Dahrendorf Scholars and Essays

Each year three St Antony’s students are selected by a competitive process to work on the Research Agenda of the Programme and to undertake a piece of independent research on a subject related to the study of freedom. The scholars are selected on the basis of written applications, and interviews when necessary, by a committee of Fellows of the College. Among their obligations is to write a free-form essay on a topic of their choice. Click on the links below to read Dahrendorf essays from previous years.

The 2022-23 Dahrendorf Scholars

Abid Adonis

Abid is a DPhil student at the Oxford Internet Institute, supervised by Professor Luciano Floridi. His research aims to understand digital sovereignty as an idea and practice, particularly how digital sovereignty reshapes international politics, among great powers. His other research interests include international relations and technology, the politics of cyberspace, and digital statecraft. 

Essay title: Ordering the Digital World: Europe and the Global South in Digital Politics

Julia Carver

Julia is a DPhil student in International Relations, under the supervision of Dr Robert Johnson and Professor Dominic Johnson. Her research explores the interplay between geopolitical strategic thought, sovereignty, and the development of cybersecurity policy by the European Union. Given that her research is concerned with the EU’s strategic behaviour in cyberspace, she is also eager to understand how the EU’s relationships with other actors (as well as the goals of its own Member States in that policy domain) have shaped relevant EU policy developments. 

Essay title: to be confirmed

Olivier de France

Olivier is a DPhil student in international relations, under the supervision of Professor Kalypso Nicolaidis. He is interested in the history of European political thinking, and the implications it holds for the Old Continent’s present political and geopolitical shifts. In his doctoral work, he looks more specifically at the ideas of Benedict Spinoza and their legacy. 

Essay title: to be confirmed

Talia Kollek

Talia is a DPhil student in Area Studies (with a focus on Russia and East European Studies), supervised by Dr Nicolette Mackovicky. Her research focuses on civil society in Russia and Eastern Europe. Over the past decade, restrictions around the world have resulted in a ‘shrinking space’ for civil society. Talia’s research investigates how organisations navigate increasingly challenging environments to continue their work, and how governing bodies such as the EU can support these efforts. 

Essay title: ‘So-Call Gender Freedoms’: The Western Origins of Russian Transphobia

Alexandra Solovyev

Alexandra is a DPhil candidate in History of Art, supervised by Professor Alastair Wright. Her doctoral research is focused on the visual culture of the British railways in Ottoman Anatolia during the nineteenth century. She is also interested in policy around the repatriation of artworks and cultural artefacts and in the historical origins of these contemporary issues.

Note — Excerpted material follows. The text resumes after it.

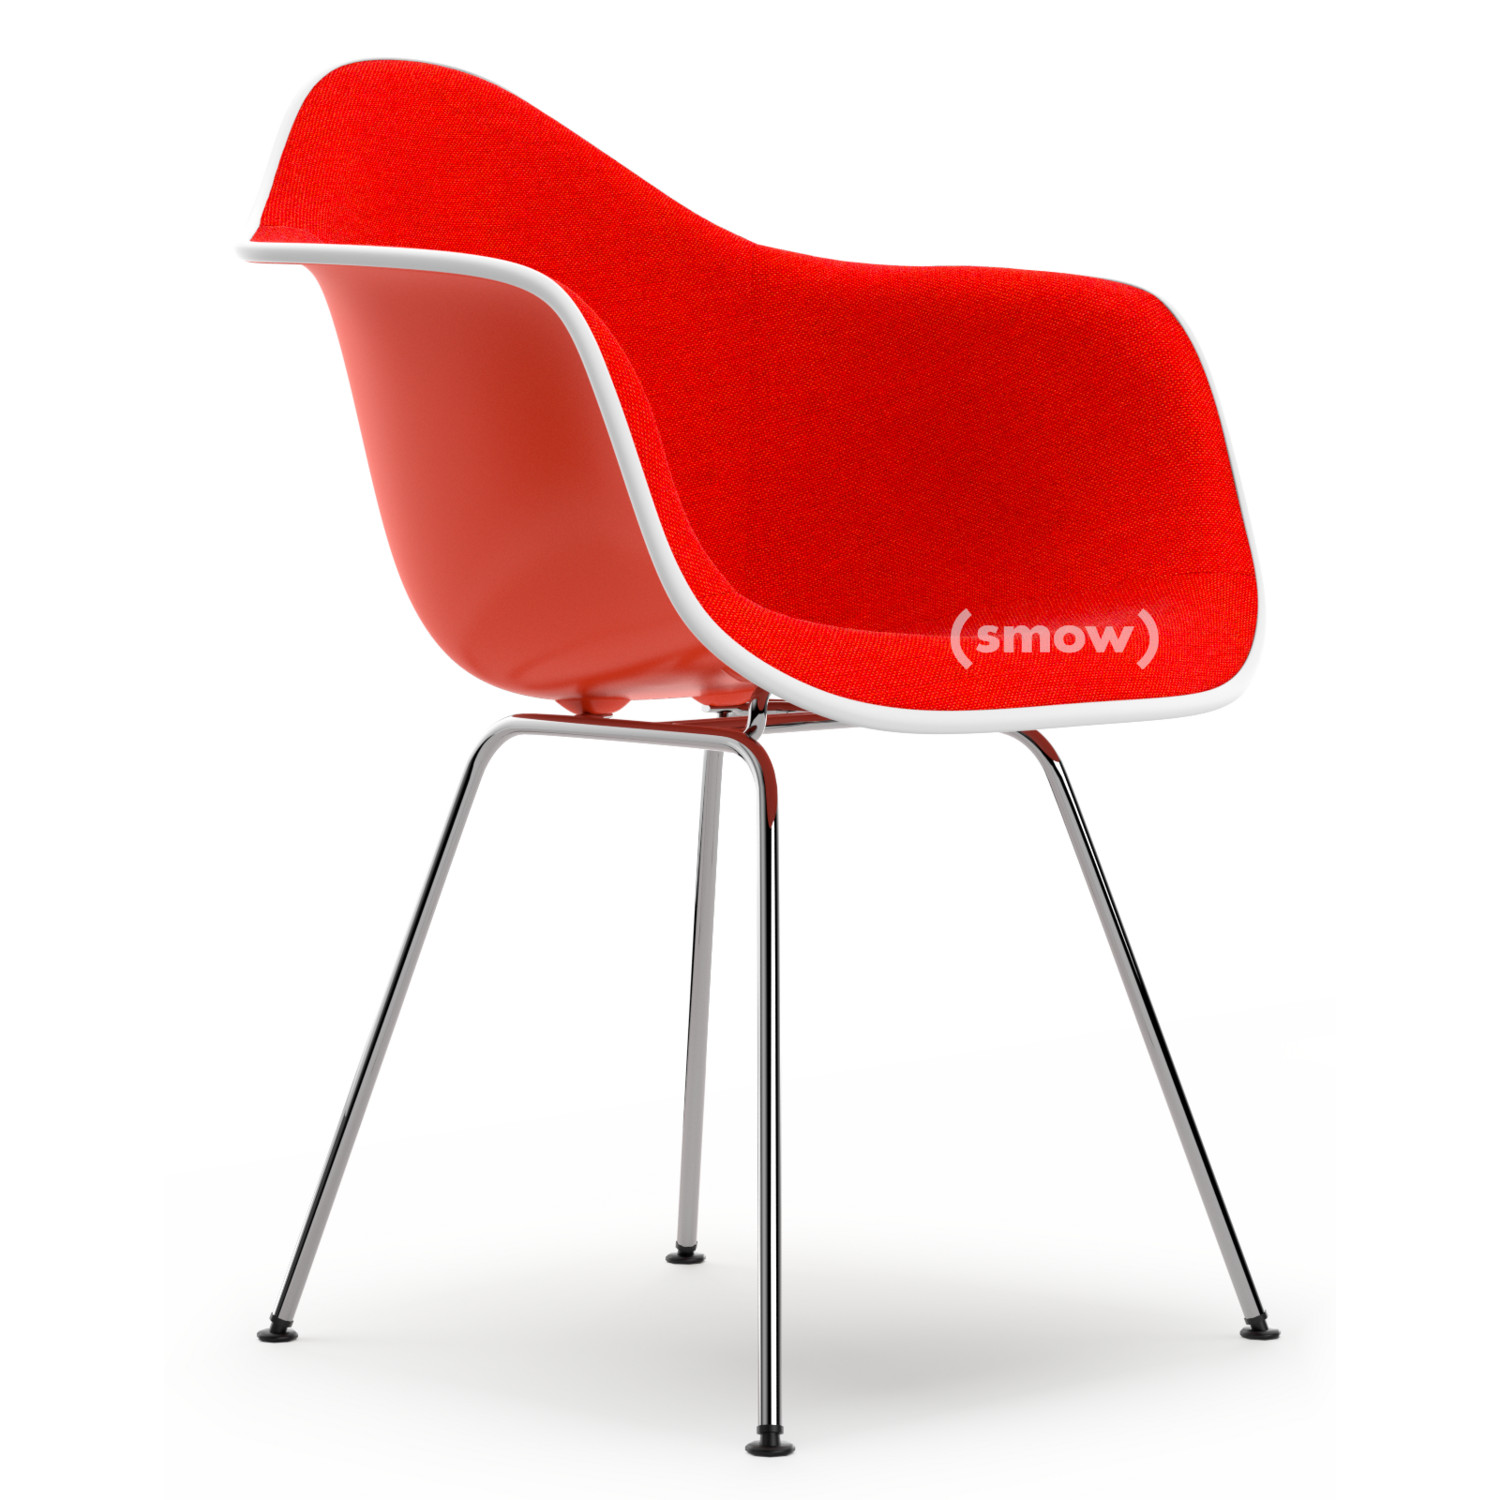 Seat cushion - felt cushion for Eames Plastic Arm Chairs (DAR / DAW), DAX  Parkhaus Berlin

Essay title: British Repatriation of Cultural Property from the Nineteenth Century to Today

Ruihan Zhu

Ruihan is an MPhil student in Development Studies. Her research interests include the political economy of development, sustainable development, and rural-urban linkages. Her current research focuses on the ontological debates around climate change and the critique of mainstream development ideas. In her MPhil thesis, Ruihan examines the impact of green transformation on local communities in China, especially its interconnection with gender equality, poverty reduction, and the digital economy.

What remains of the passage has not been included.